→ Information provided
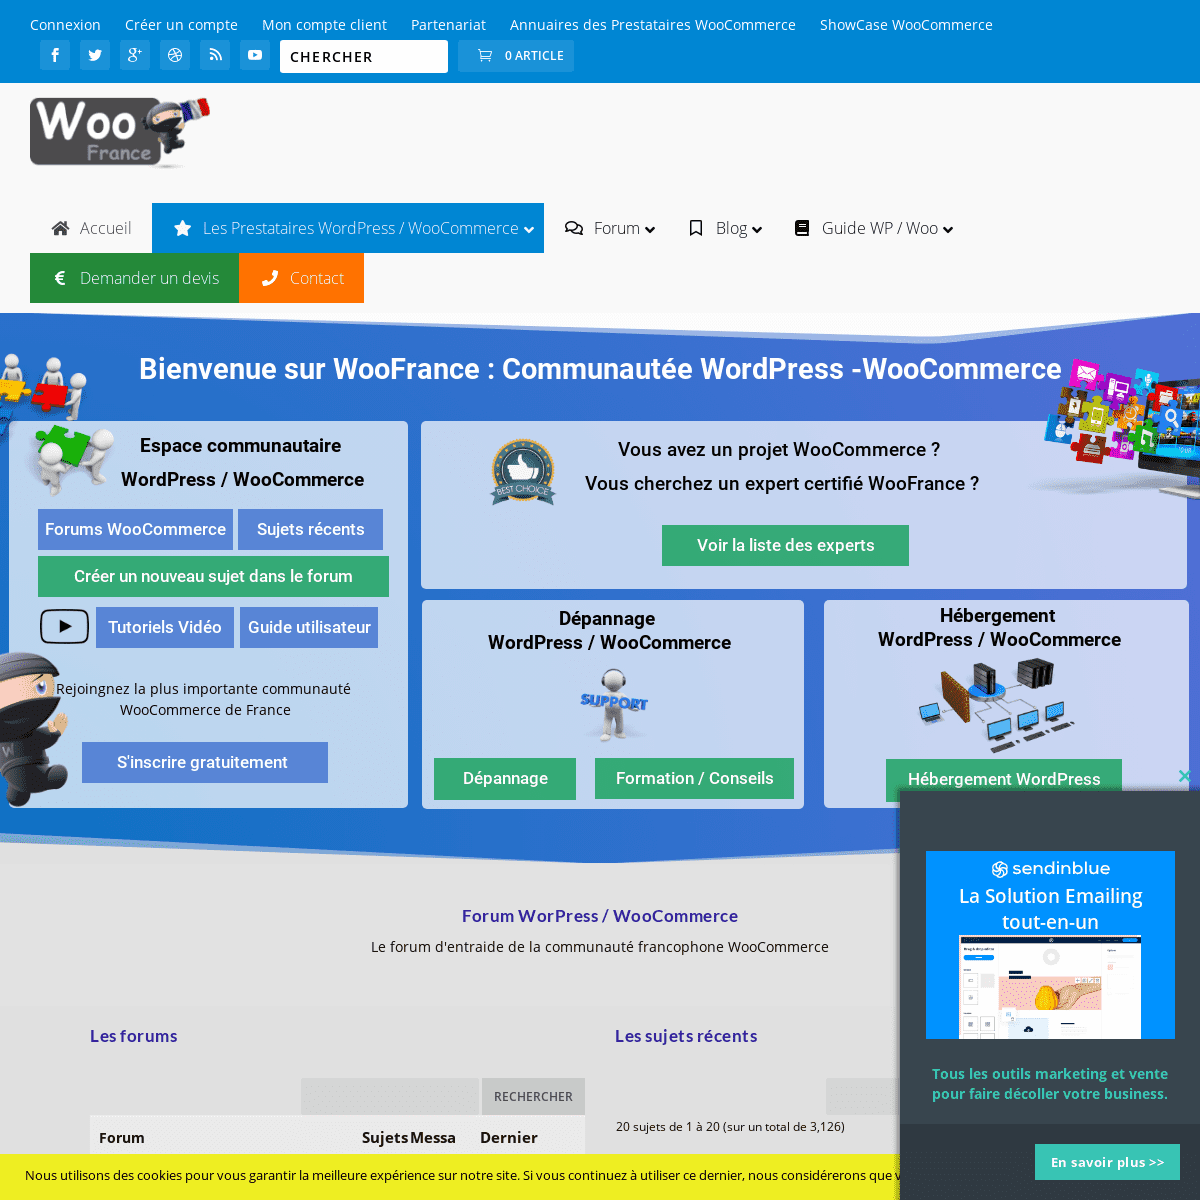 WooFrance, Communauté et Forum WooCommerce
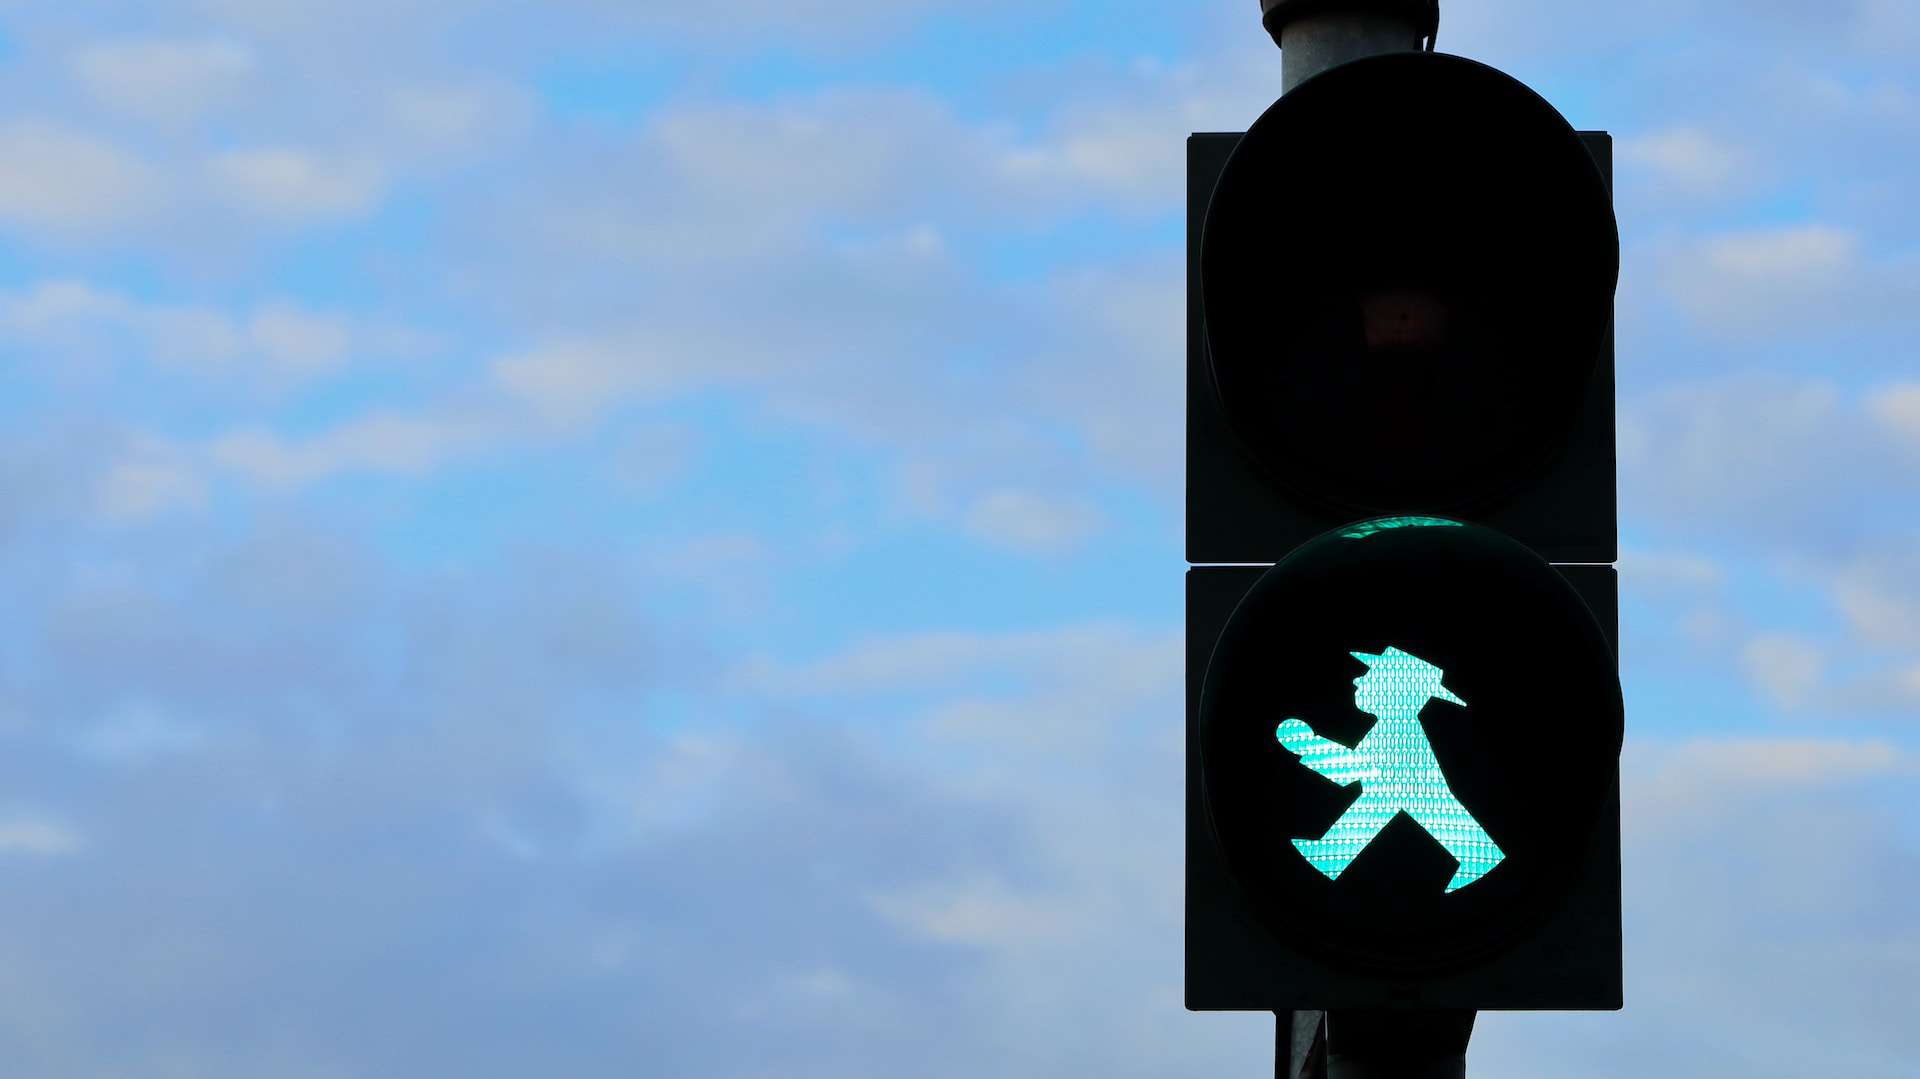 Green man at traffic lights
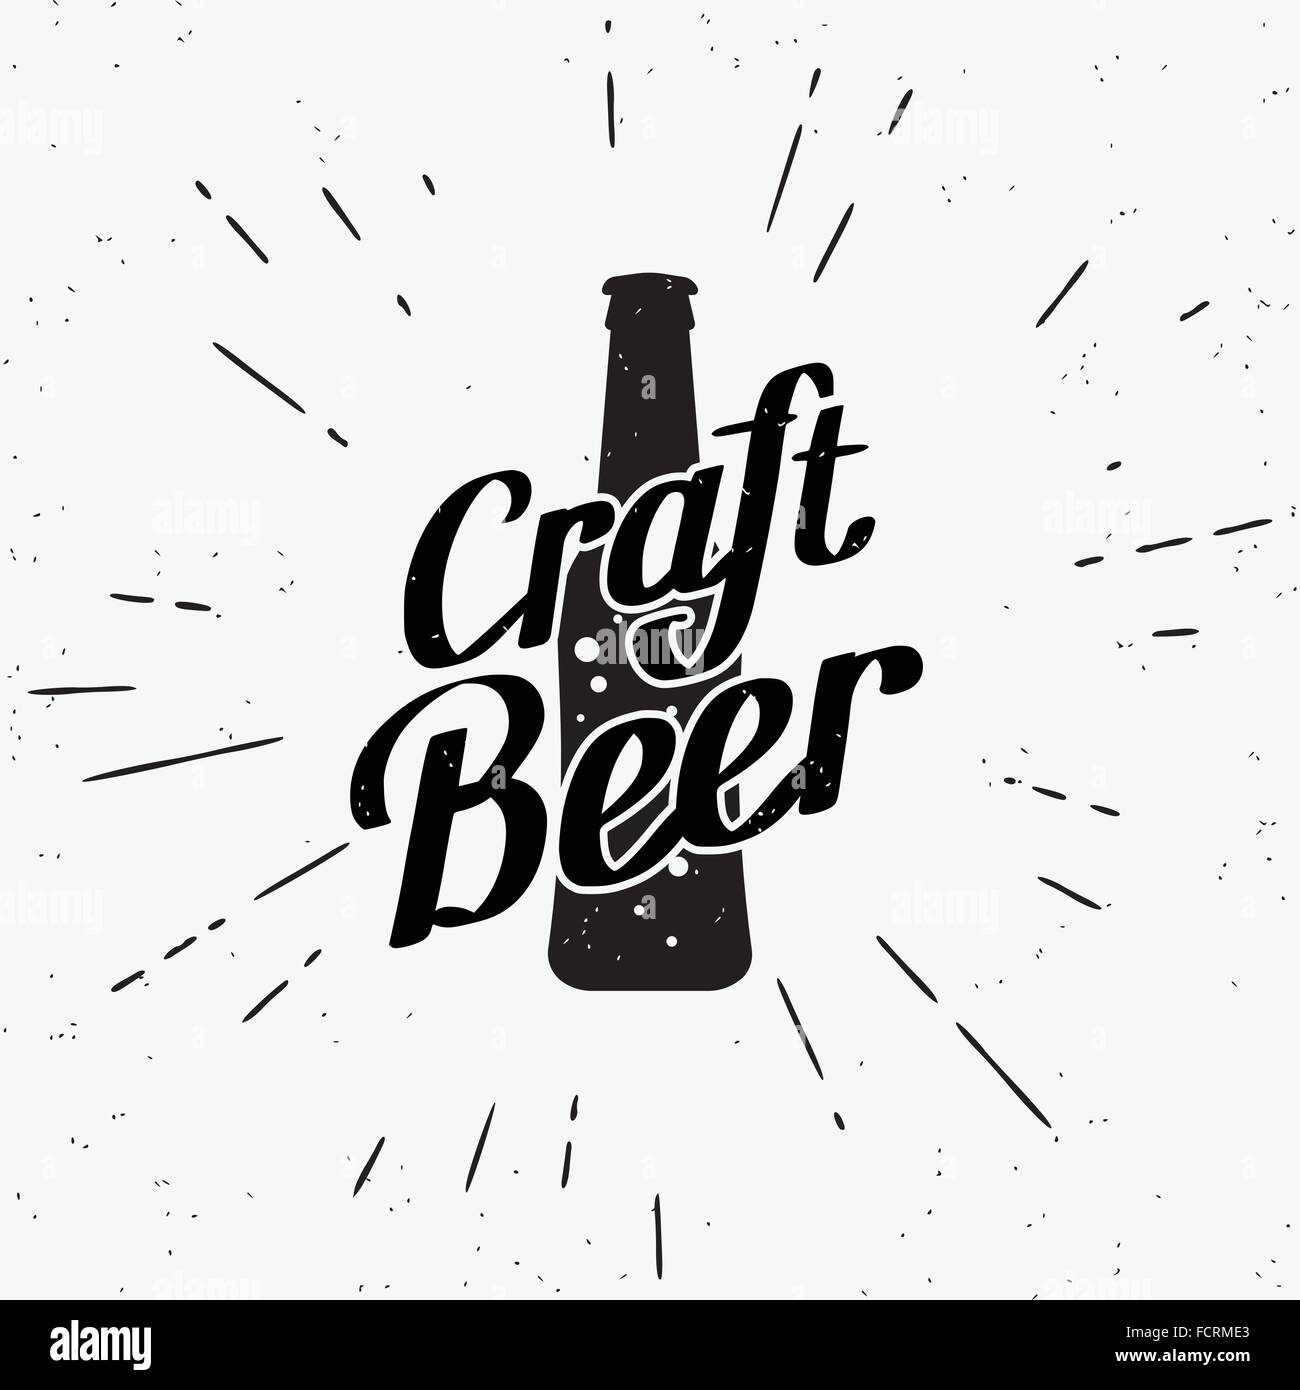 Craft beer black label Stock Vector

→ Task item
None of the pictures should appear; copy the rest of the material above exactly.

→ Exercise output
 WooFrance, Communauté et Forum WooCommerce
 Green man at traffic lights
 Craft beer black label Stock Vector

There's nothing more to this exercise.